• **Try it**:
Write out the full listing exactly as given, minus the images.

• **Dataset content**:
——

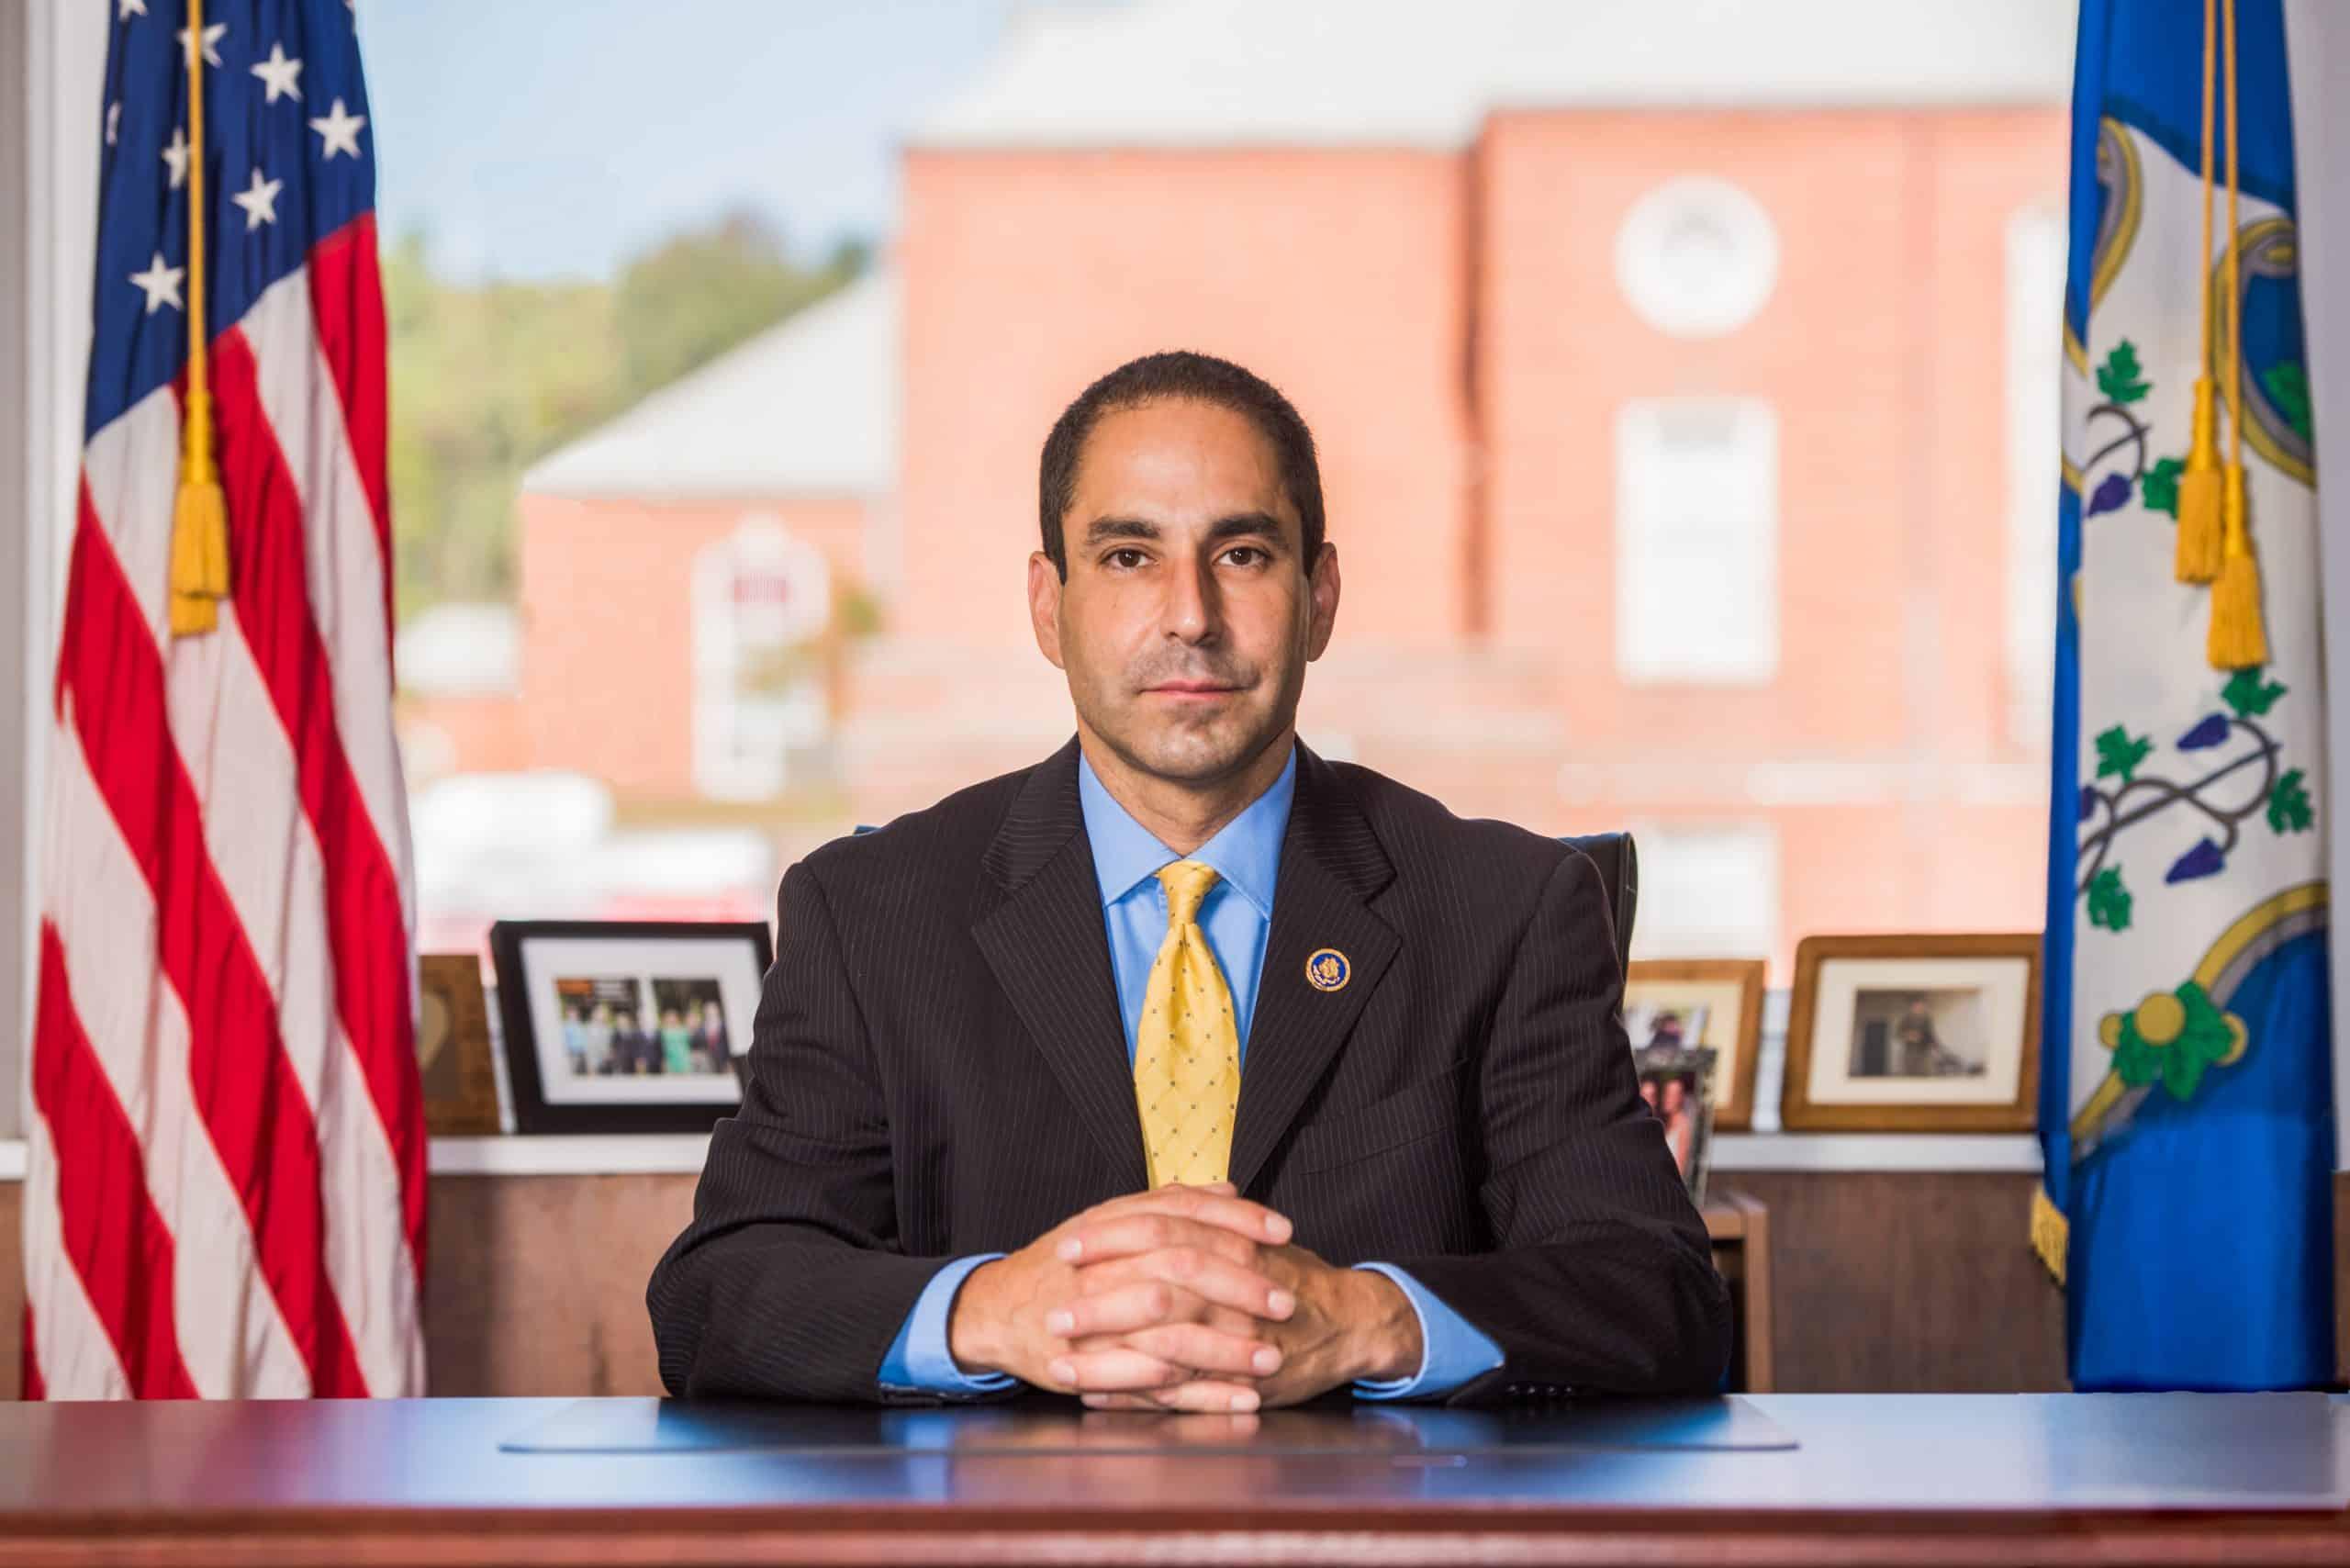 CTLN Opinion+: Commissioner Thomas Saadi, Department of Veteran Affairs
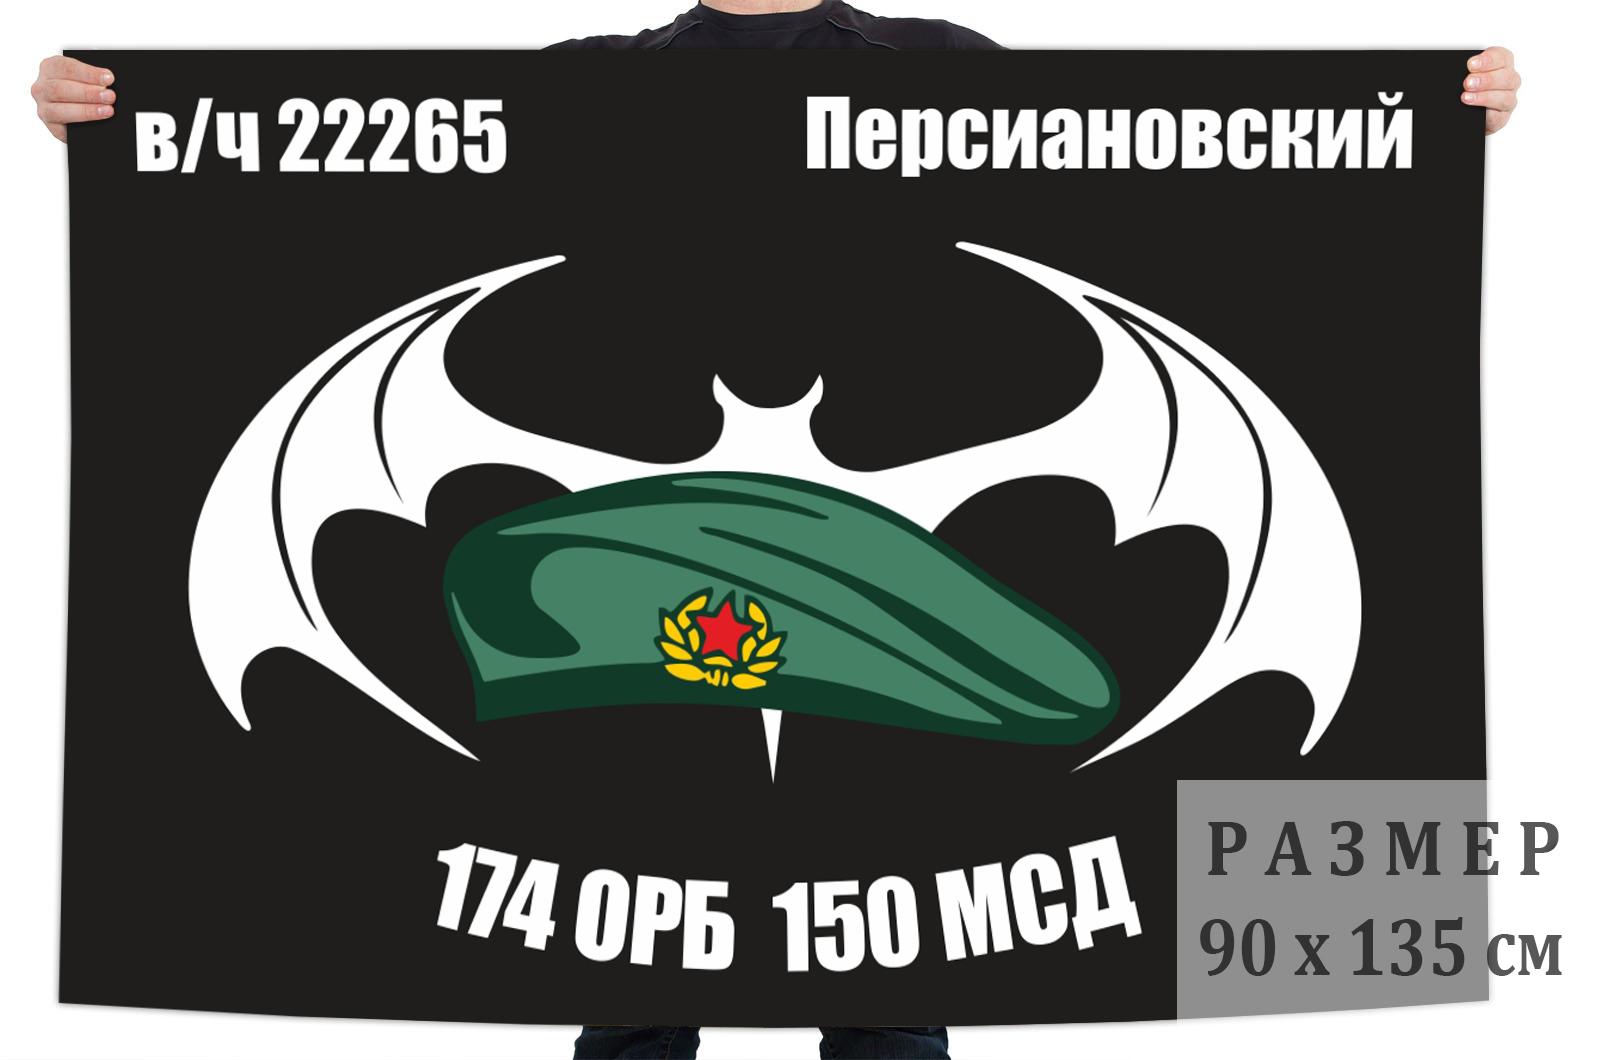 Флаг 174 ОРБ 150 МСД
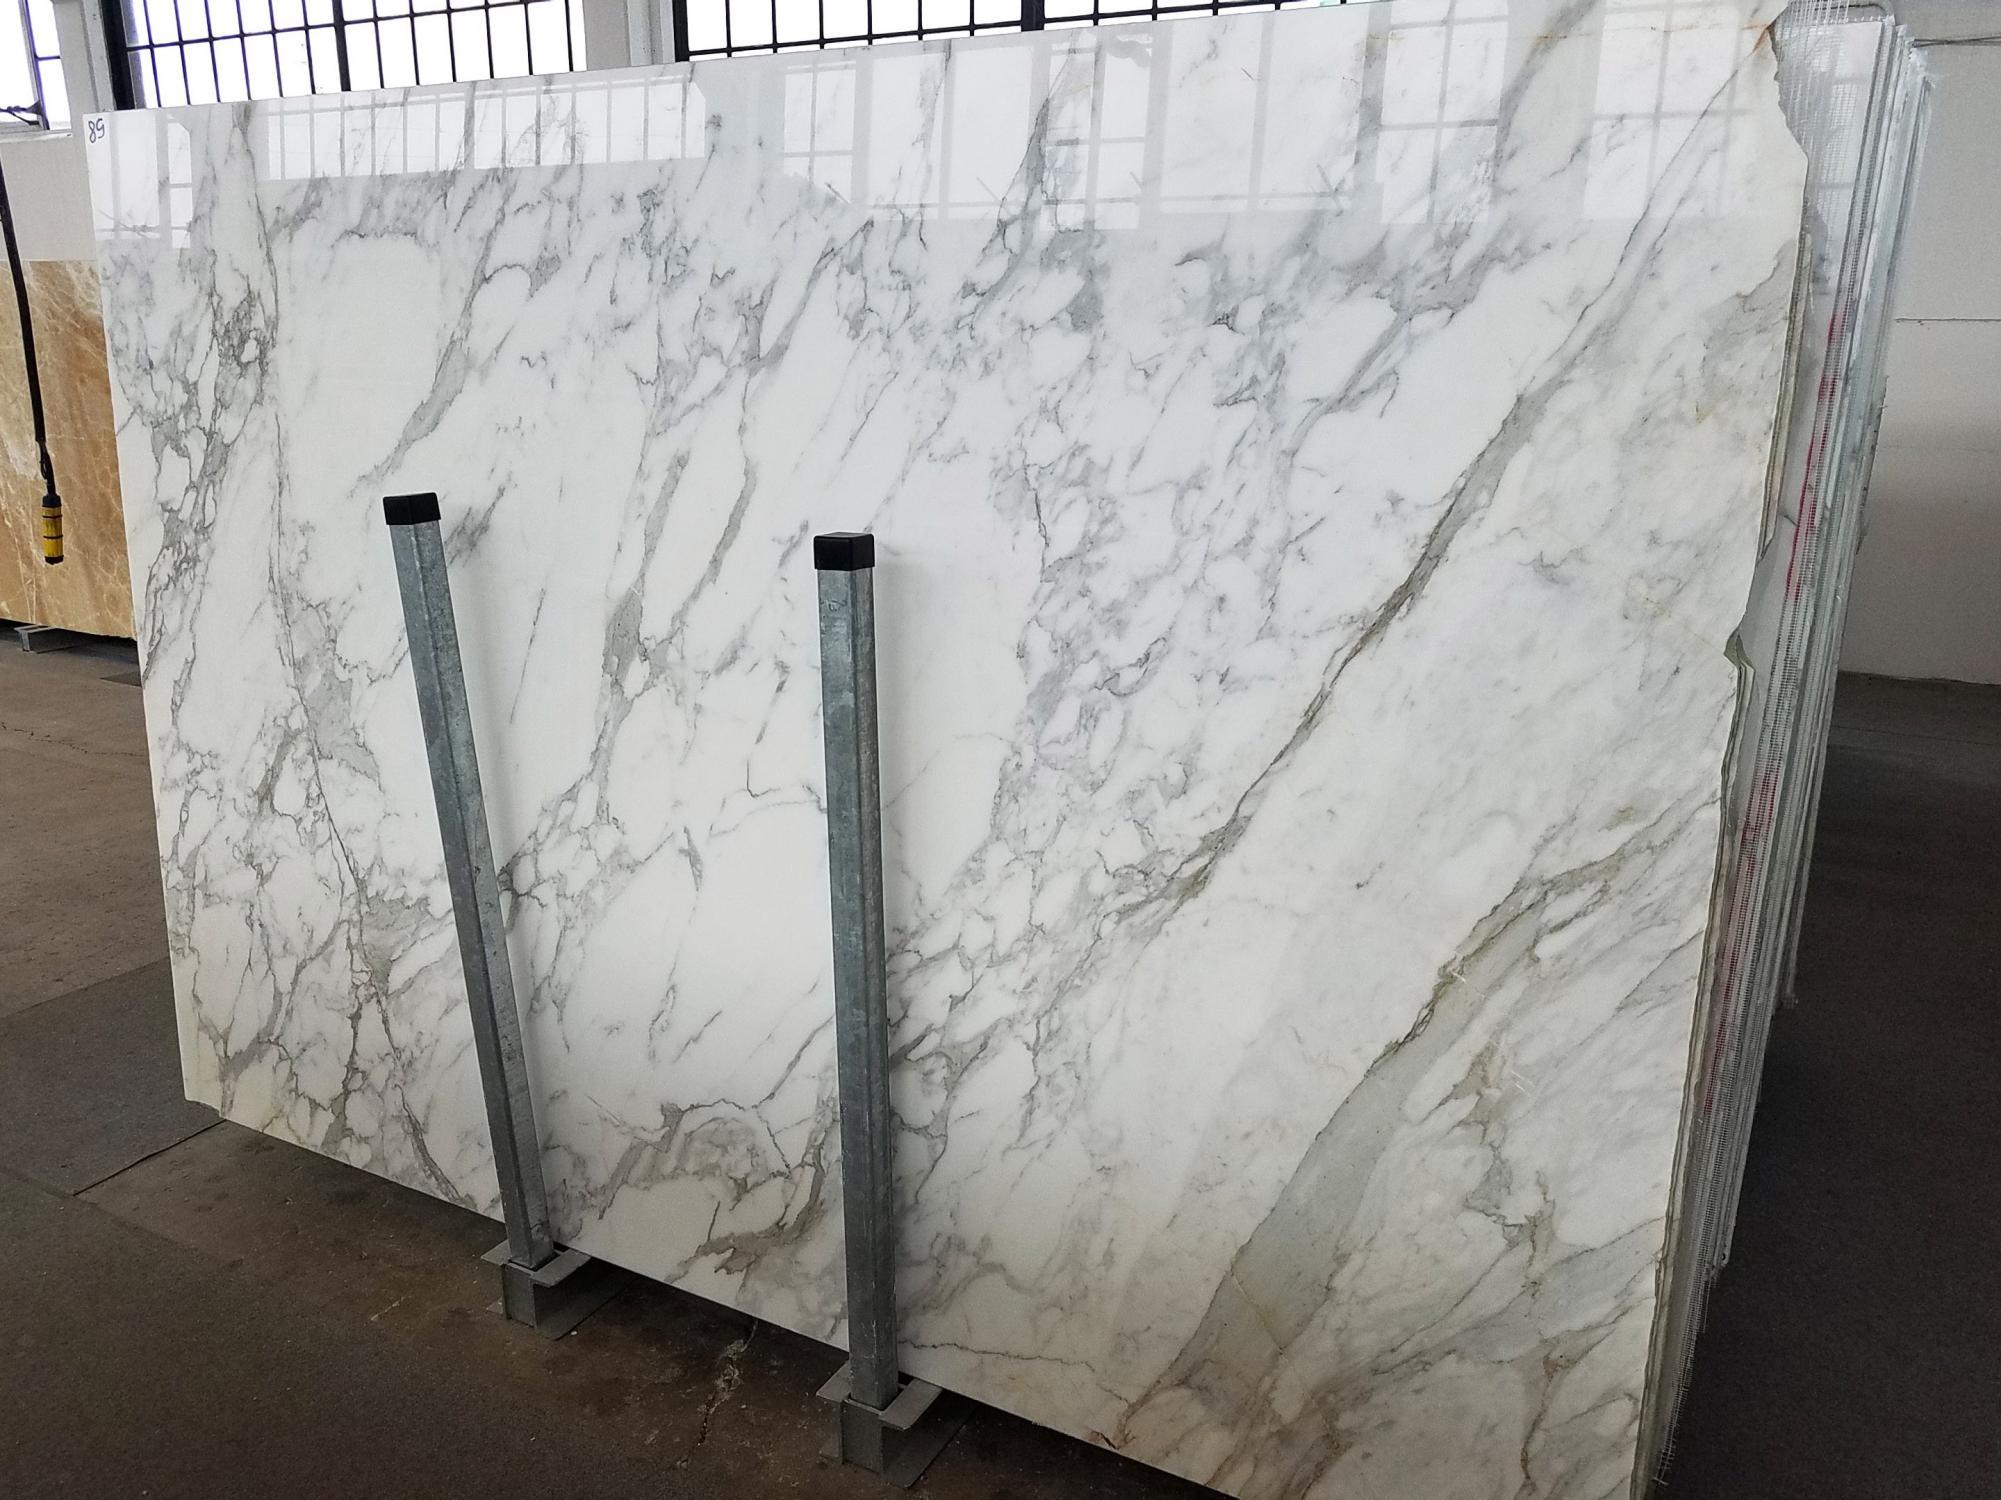 CALACATTA Suministro Veneto (Italia) de planchas pulidas en mármol natural A0256 , SL2

——

• **Problem solution**:
 CTLN Opinion+: Commissioner Thomas Saadi, Department of Veteran Affairs
 Флаг 174 ОРБ 150 МСД
 CALACATTA Suministro Veneto (Italia) de planchas pulidas en mármol natural A0256 , SL2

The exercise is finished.